Jurek lubi dolinkę Zimny Dół; a że do mnie machał... dał się podnieść i pomiziać :)
To dziki, leśny jeż, nie udomowiony...
zamkipa 2013-07-16
jeż się nie najeżył;)
kotek3 2013-07-16
ale świetny :)
zamkipa 2013-07-17
Cieszę się że lubisz moje zamki ostatnio dużo ich zwiedzam stopniowo będę je pokazywał miłego wieczoru tobie życzę:-)
jorg23 2013-07-17
mówią do mnie .......Jeżyk...oczywiście...i lubię dolinkę ,,Zimny dół,,i pozwalam na .....wszystko...a uśmiech w pierwszym rzędzie
kot63 2013-07-18
Łakomy jeżyk
Mocno dzisiaj grzało słonko,
skrył się w cieniu, pod jabłonką,
mały jeżyk łakomczuszek,
co miał słabość do jabłuszek,
Schrupał jedno, potem drugie.
”Właśnie takie jabłka lubię,
są soczyste i pachnące,
malowane letnim słońcem. „
Objedzony jeżyk drzemie
a tu jabłko, bęc!
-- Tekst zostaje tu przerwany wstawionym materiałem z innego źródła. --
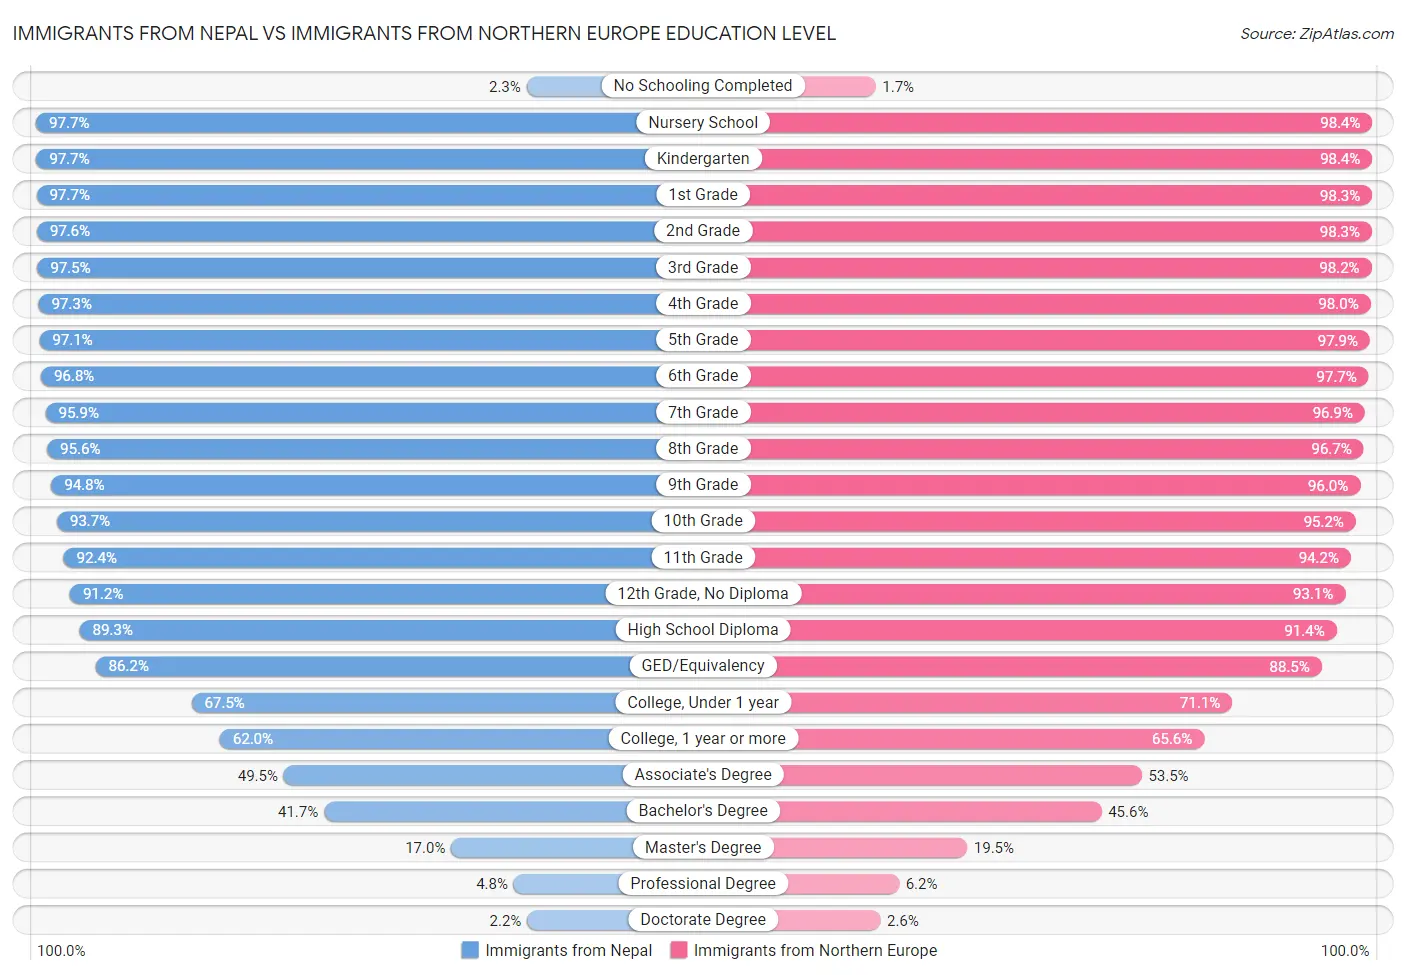 Immigrants from Nepal vs Immigrants from Northern Europe Education Level

Na ziemię
spadło. I do niego zmierza…
- przyturlało się do jeża.
„ Przyszło samo, o co chodzi ?
Jeszcze jedno – nie zaszkodzi. „
Nie ma śladu po jabłuszku,
szybko schował w swoim brzuszku.
Coś jeżyka boli, kłuje,
to żołądek się buntuje.
Słońce zaszło, dzień już minął,
chciałby się w kuleczkę zwinąć.
A tu proszę, brzuszek duży,
oj, łakomstwo mu nie służy.
Co za dużo, to nie zdrowo,
trzeba jadać zawsze z głową!
kilcik
zelig 2013-07-18
mizianie jeża :)
to chyba bolesne doświadczenie?
rychu84 2013-08-17
Kurcze jakie to zabawki teraz robią.... jak prawdziwe dosłownie :)
Pozdrawiam Cię Małgosiu :)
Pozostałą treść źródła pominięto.